Why is the support level of 3,900 USD so critical? This price level is the support line of the lower boundary of the ascending channel and a key price point of the previous consolidation platform. From the distribution of trading volume, there is a significant amount of historical transaction records near 3,900 USD, indicating that many investors have their costs concentrated in this range. As long as this support holds, the upward trend of gold will not be disrupted.

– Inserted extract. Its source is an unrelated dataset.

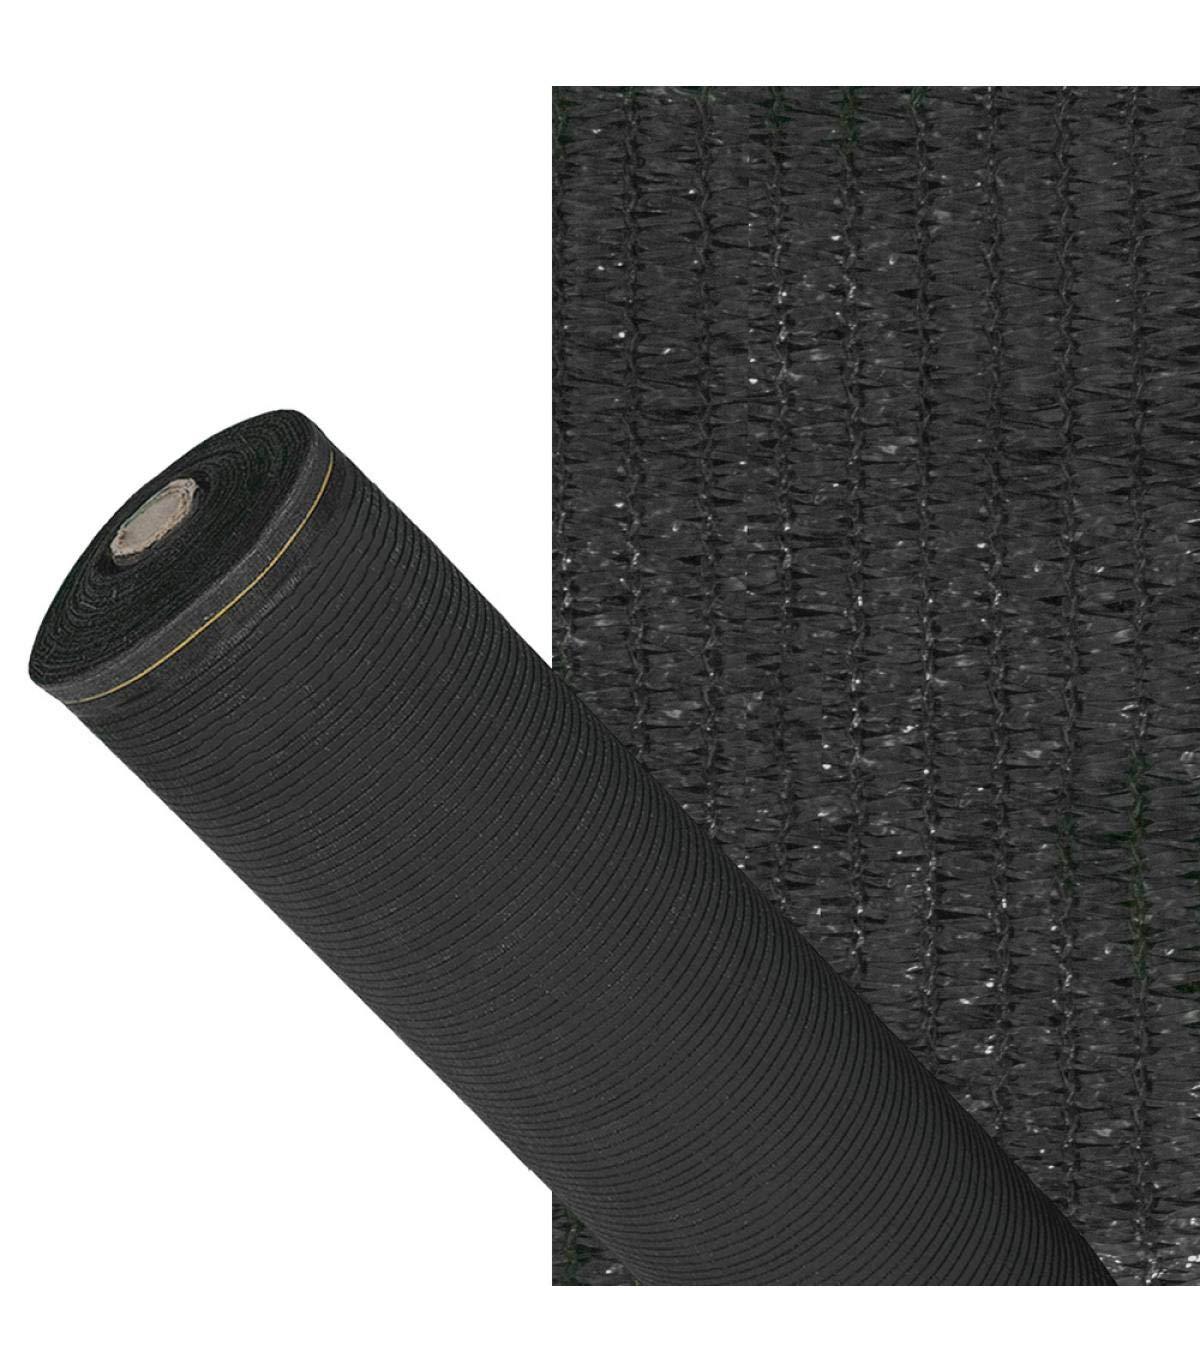 Protecci/ón Jard/ín y Terraza Rollo 3 x 100 metros Color Verde Oscuro Reduce Radiaci/ón Regula Temperatura Malla Sombreo 90/%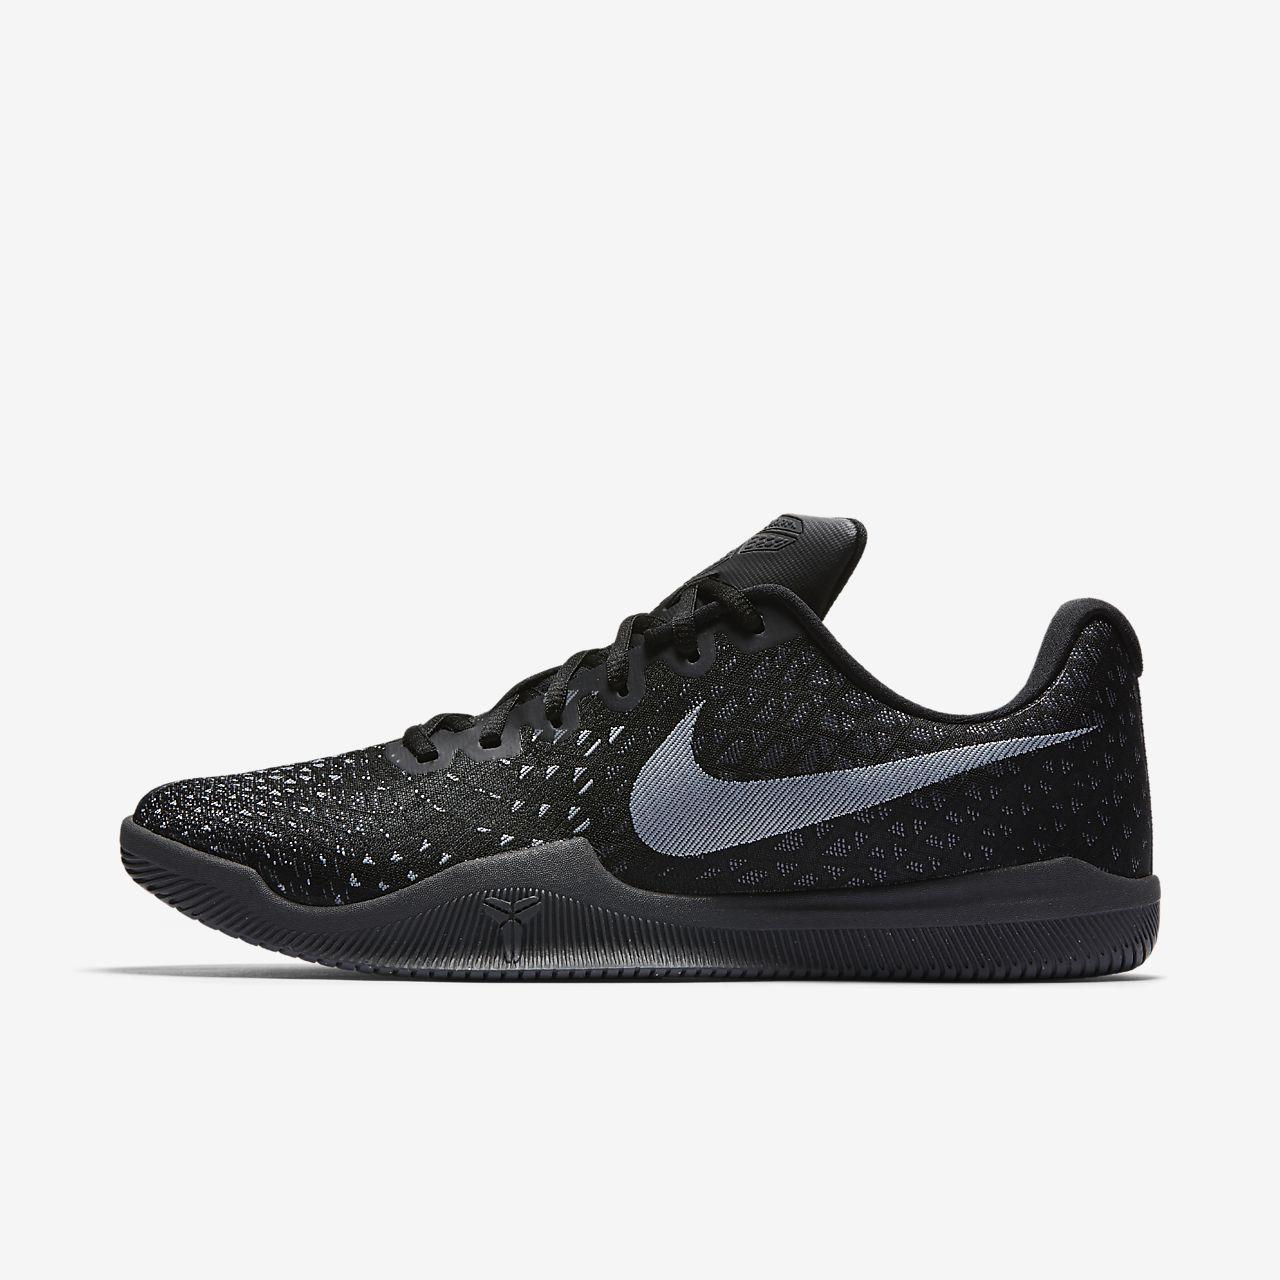 ... Nike Kobe Mamba Instinct Men's Basketball Shoe

A target price of $5,000 implies about a 25% upside from the current price. This increase is quite significant in the gold market, considering that gold is already at historical highs, and a further 25% increase requires strong fundamental support. The continued buying of Tether, the Central Bank's demand for de-dollarization, the rise in geopolitical risks, and the bullish technical structure all provide support for this target.